The hearts and brains of babies born with congenital heart disease are not the only organs affected by this common medical condition. Surprisingly, their kidneys tend to be enlarged at birth, says Gemma Scholes of the University of Melbourne in Australia, who is lead author of a study in the Springer Nature-branded journal Pediatric Research.
The research is the first of its kind to investigate the renal development of newborn babies with congenital heart disease.
Congenital heart disease encompasses a range of heart defects and is the most common medical condition occurring in newborns, affecting around nine in every 1,000 babies born. Congenital heart disease not only causes defects in the heart, but subsequently may also impair the growth of a baby's brain and body in general. This is due to the "brain-sparing phenomenon", in which the body protects the brain at all costs. In fetuses with congenital heart disease, this means that blood flow is prioritized towards the growing brain, having adverse effects on other organs and the general development of the baby.
Scholes and her colleagues started their study with the hypothesis that fetuses with congenital heart disease will have smaller kidneys. To test this they measured the kidney length of 452 newborn babies by looking at ultrasounds taken before children with congenital heart disease were first operated on.
Surprisingly, the results showed that the kidneys of babies with congenital heart disease are significantly enlarged and were on average 4.5 centimeters long. The kidneys of children who have left heart obstruction were consistently larger than normal. Those with cyanotic heart disease (a range of defects that alter the way in which blood flows through the heart and lungs) tended to have either normal or enlarged kidneys.

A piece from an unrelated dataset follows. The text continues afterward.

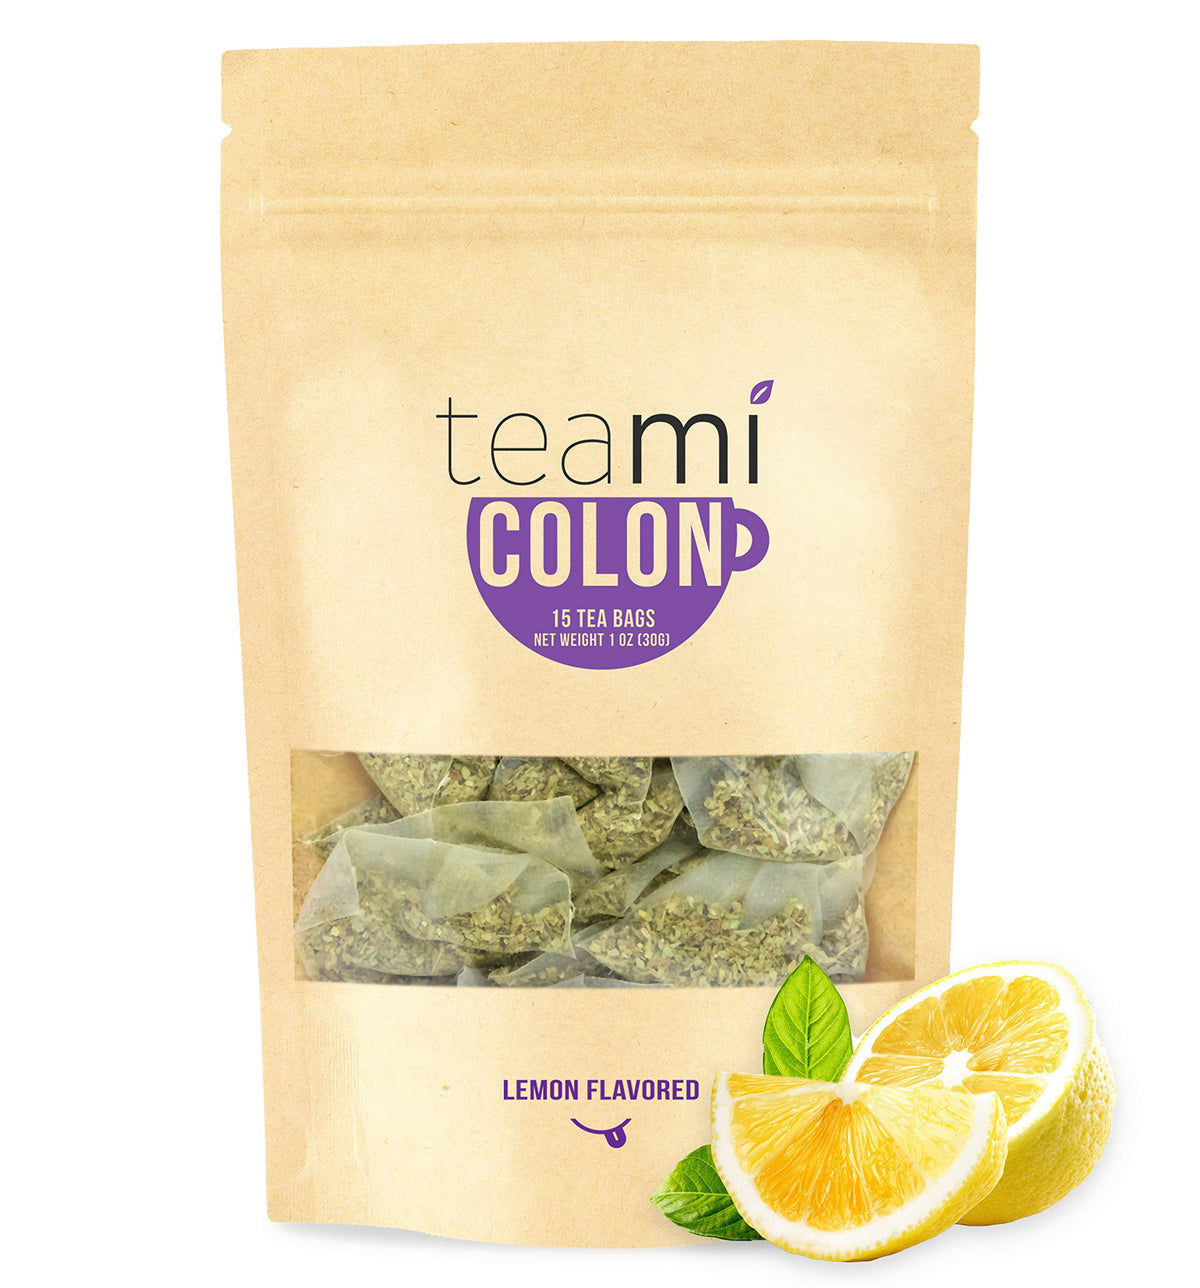 TeamiÃƒÆ’Ã¢â‚¬Å¡Ãƒâ€šÃ‚Â® Colon Cleanse Detox Tea - 15 Tea Bags, 30 Day Supply - Weight Loss Tea for Women Belly Fat - All Natural Detox Detox Tea for Body Cleanse (Lemon)
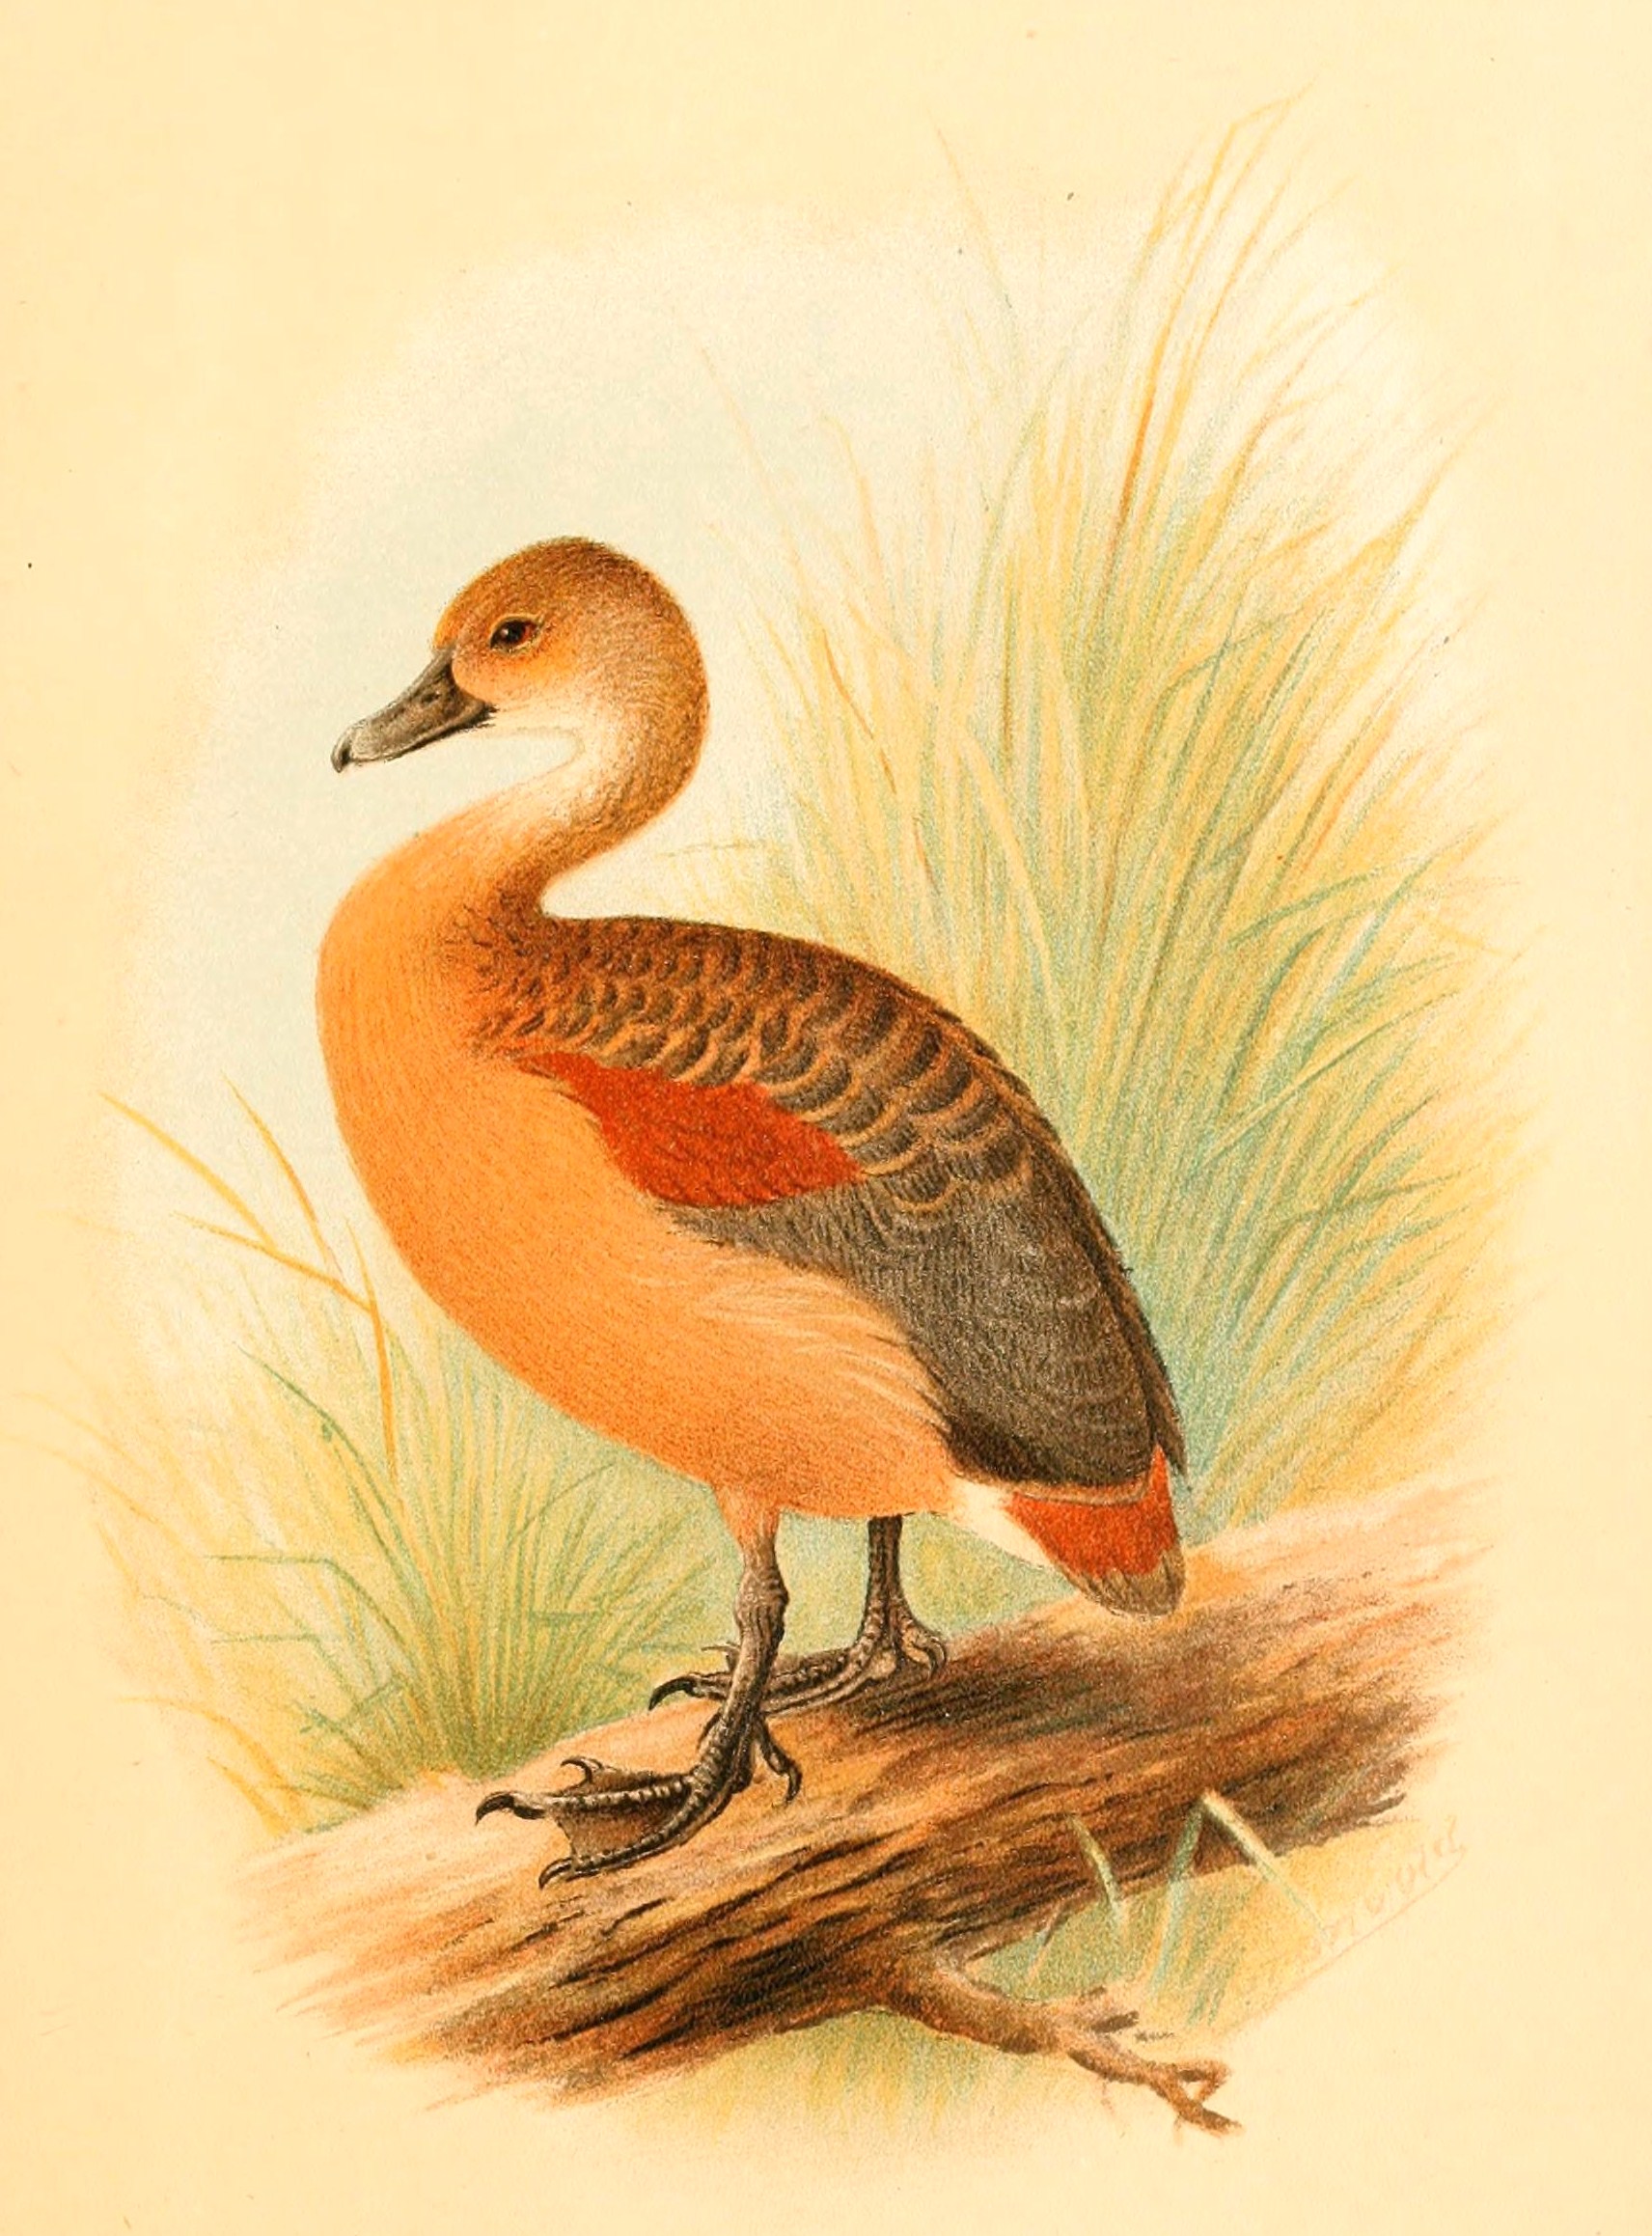 Le nâu, Lesser Whistling Duck - Dendrocygna javanica

"It is still unclear what the nature of this size discrepancy is, or how it will influence the future health of the child," says Scholes, who explains that this study is the first study to provide an indication that renal alterations exist at the time of birth.
Even patients who were born small for their gestation age because of the presence of too little amniotic fluid in the placenta had enlarged kidneys. This contrasts with observations that fetal growth restriction due to placental insufficiency or preeclampsia results in smaller kidneys.
The study further showed that the type of congenital abnormality that a baby is born with influences the subsequent size of its kidneys differently. The kidneys of newborns with cyanotic congenital heart disease tended to be smaller than those with left heart obstruction, but still larger than what is considered normal.